Since adopting this product in our catalog, client feedback guides its ongoing refinement. Around two-thirds of major customers are repeat buyers, and exits usually relate to shifts in project focus rather than performance. Project reviews often cite ease of incorporation into multi-step syntheses, limited need for additional purification, and manageable handling hazards.
Our technical support line regularly hears about creative applications. Some partners exploit the compound’s unique profile for small-molecule probes in diagnostic development; others adapt it into fluorinated polymers where trifluoromethyl groups confer chemical resistance. While not every project fits the molecule's skill set, the diversity of successful uses keeps our production teams alert to emerging needs. This adaptive feedback shapes future process enhancements. Adjustments range from tighter sieving for reduced dust emissions to routine batch-specific documentation that helps clients navigate their regulatory landscapes.
Few things disrupt a synthesis program faster than unreliable resupply. Through global trade snarls and raw material price spikes, our internal logistics, forward stocking, and tight vendor relationships have kept availability steady. By refining routes, double-walling critical stock, and forecasting based on customer order histories, disruptions stay rare. It’s the sort of infrastructure you only appreciate when a competitor falls short. During the pandemic’s peak, shipments continued without interruption, prompting new customers to switch sourcing as others couldn’t meet tight project launch timelines.
Within the factory, electronic tracking at every drum and container helps trace each lot’s genealogy, useful for both recall resilience and for partners seeking extra analytical support. Building this infrastructure absorbed time and resources, but the payoff arrives project after project.
Looking ahead, chemists push substitution patterns further, seeking molecules with more sophisticated profiles for targeted therapies, crop performance, and materials science.
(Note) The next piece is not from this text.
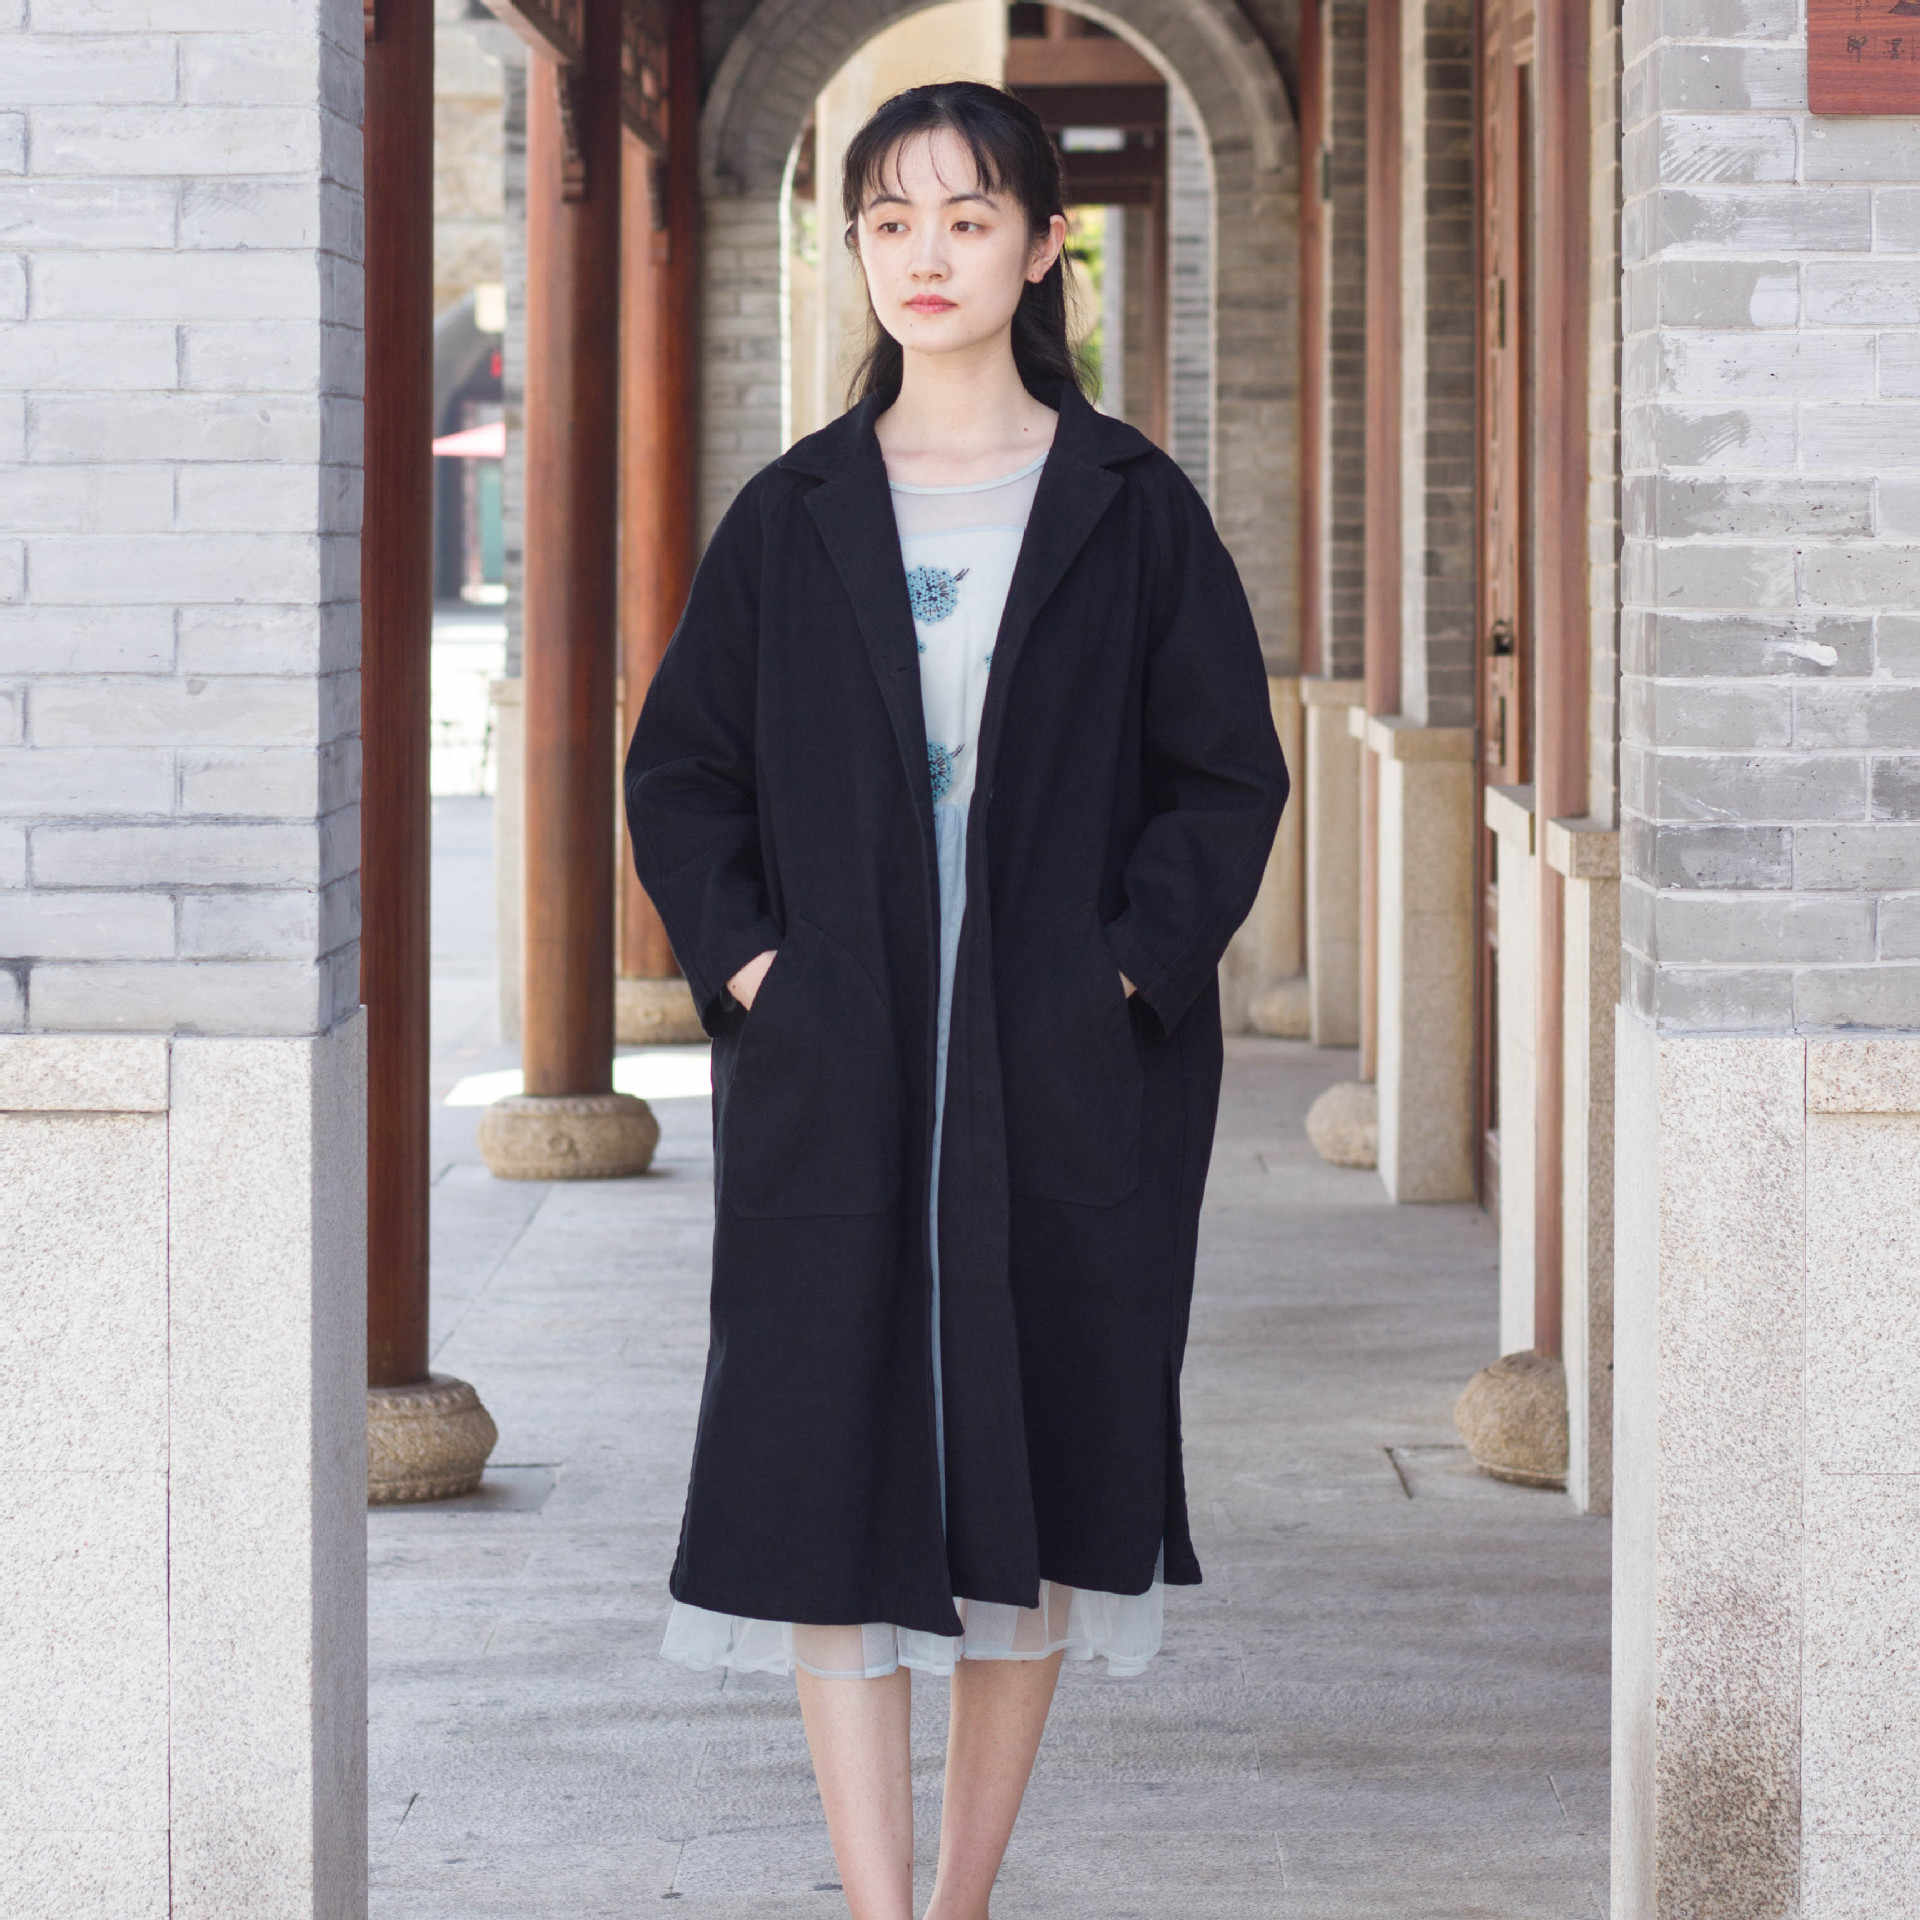 Nouveau Style Trench Coat Femmes Mi Long 2019 Automne Couleur Unie Col Rabattu Manteau Mode Grande Taille Style Coréen Coupe Ample

Experience shows that molecules like 2-Bromo-3-fluoro-6-(trifluoromethyl)pyridine remain integral in these explorations, serving as both platforms for new functional groups and tools for rapid analog development. The drive toward more sustainable, lower-waste syntheses intersects well with its clean reactivity: fewer redissolutions, less need for activated carbon, and a smaller solvent footprint in downstream handling.
Between new catalyst systems and smarter reactor designs, demand for intermediates that combine stability, clean reactivity, and ease of purification will only grow. By tracking these trends and remaining open to customer-driven feedback, our manufacturing lines stay ready for what comes next.
As chemical manufacturers, daily experience teaches respect for intermediates that work as promised, fit into real process windows, and support regulatory and supply goals. Among the many halogenated pyridines, 2-Bromo-3-fluoro-6-(trifluoromethyl)pyridine shows its strength not as an isolated catalog item, but as a key stone in the demanding reality of chemical development. Observing its impact across pharmaceuticals, crop protection, and beyond, its value grows where reliability and clean reactivity count most. As research needs evolve, so does our approach—layering hard-won lessons from the shop floor onto the requirements of those who innovate at the bench.